In other words, pricing is not a standalone question. It is a throttle. Circana analyst Mat Piscatella told Eurogamer that the rumored leaked prices are both “possible and plausible,” arguing that Take-Two is positioned to do “just about anything in regard to pricing” with GTA 6. That confidence matters because Take-Two is not a normal publisher in this conversation. GTA 6 is being framed internally as “the largest game launch in history,” and the anticipation and production budget, at least according to the public narrative, are on another scale.

But analysts also stress that what is technically possible may not be strategically optimal, especially in an economically shaky moment for consumers. The Game Business’s Chris Dring makes the case that GTA 6 is not like “most games.” In his framing, fans understand the value proposition of a GTA title. He argues the game “will last a long time” and will justify the level of cost for “a lot of people.” That is the argument for premium pricing: pay up now, then keep paying later through sustained engagement.

And that is where the second-order logic gets sharp. Dring also points to the fact that GTA 6’s launch gate matters for platform transitions. GTA 6 is exclusive to current-gen PlayStation and Xbox at launch. If Take-Two prices closer to the current retail standard of $70, he says the transition cost to PS5 and Xbox Series X becomes “more palatable,” especially since gaming hardware prices have increased across the board. For executives, that is a reminder that video game pricing is tangled with hardware adoption. You are not only selling a game, you are nudging customers to buy (or keep buying) the boxes they can play it on.

Then Rhys Elliott, an analyst at Alinea Analytics, shifts the focus again, back to where the money really lives. He calls GTA Online “the real cash cow” in Take-Two’s pocket, and warns that capping GTA 6’s addressable audience at launch to squeeze the base price would be “penny-wise and pound-foolish.” His exact concern is about limiting the top of the funnel that feeds GTA Online for years. He adds a consumer reality check too: there’s a “cost-of-living crisis,” and a higher “floor” hits the players “already feeling the squeeze.”

That comment is not just moralizing, it is operational. If the base game costs more than many consumers are willing to swallow immediately, fewer players reach the game at launch. Fewer players reaching the game at launch can mean less momentum for GTA Online communities, slower user growth, and a thinner early cohort that can sustain long-running live-service economics. You do not need a spreadsheet to see the shape of the risk. If you are priced like a luxury subscription, you may get fewer subscribers signing up early, and live services care a lot about early adoption.

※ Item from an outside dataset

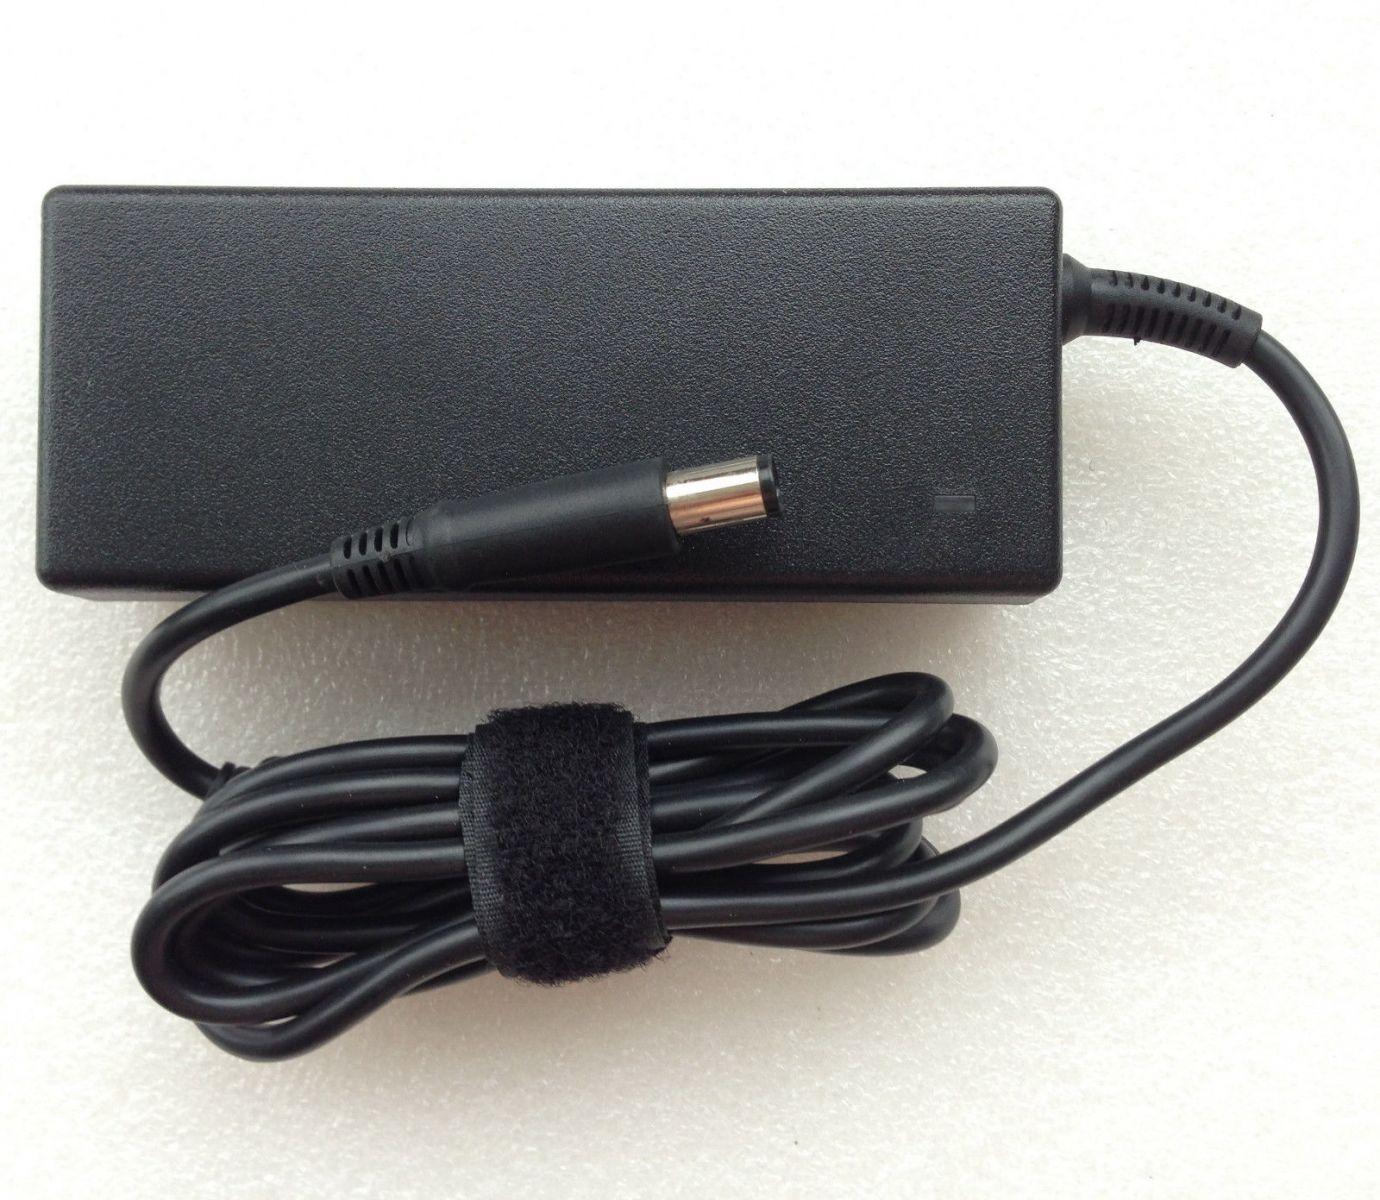 Sạc cho laptop Dell Latitude E7240, Latitude E7440 Adapter 19.5V-3.34A, 19.5V-4.62A

So where does that leave the leaked numbers? On the surface, Take-Two could be tempted by precedent. The coverage notes that Nintendo set a new standard for $80 AAA pricing with Mario Kart World. The leaked GTA 6 range would go even higher: €89.99 (about $100) for the base and €199.99 ($227) for the top tier. Analysts are essentially split between two beliefs. One camp says the market will bear extreme pricing because GTA 6 will be a long-lived cultural event. The other says even if the title can command it, Take-Two should think in funnels and lifetime value, not just per-unit margin.

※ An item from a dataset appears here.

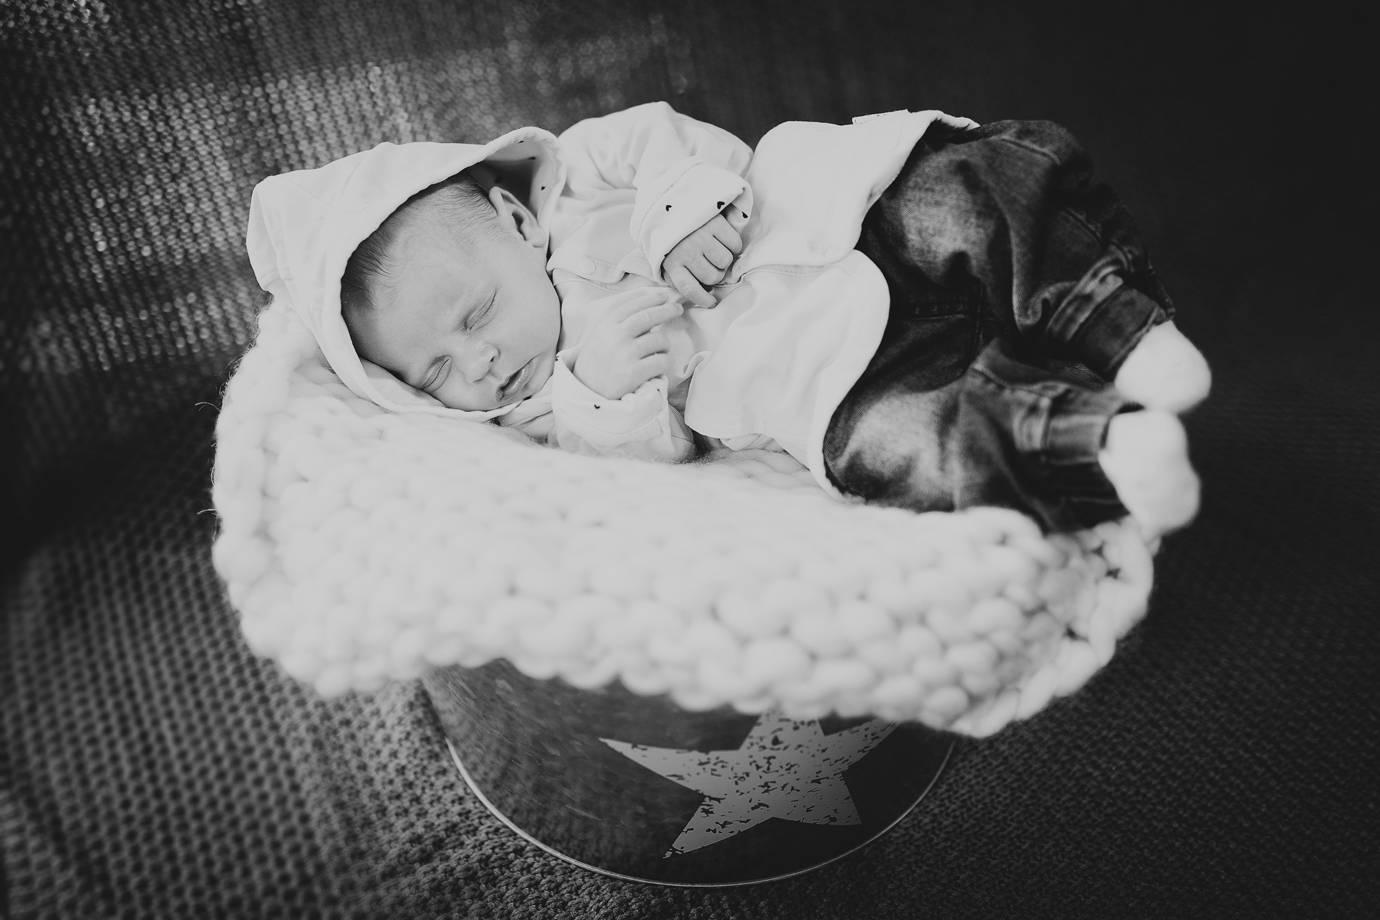 babyfotograf ritterhude 03 - Nika

For peers in publishing and boardrooms overseeing major releases, the takeaway is that a single price tag can ripple into platform strategy, audience expansion, and long-run monetization. With pre-orders starting June 25, the confirmation window is tiny. But the strategic debate is bigger than the leak itself: whether to prioritize immediate revenue extraction, or lower the barrier so more players enter now, then spend later through the systems built to keep them there. Either way, GTA 6 will be a stress test for how far “AAA” can go before the funnel narrows faster than the revenue climbs.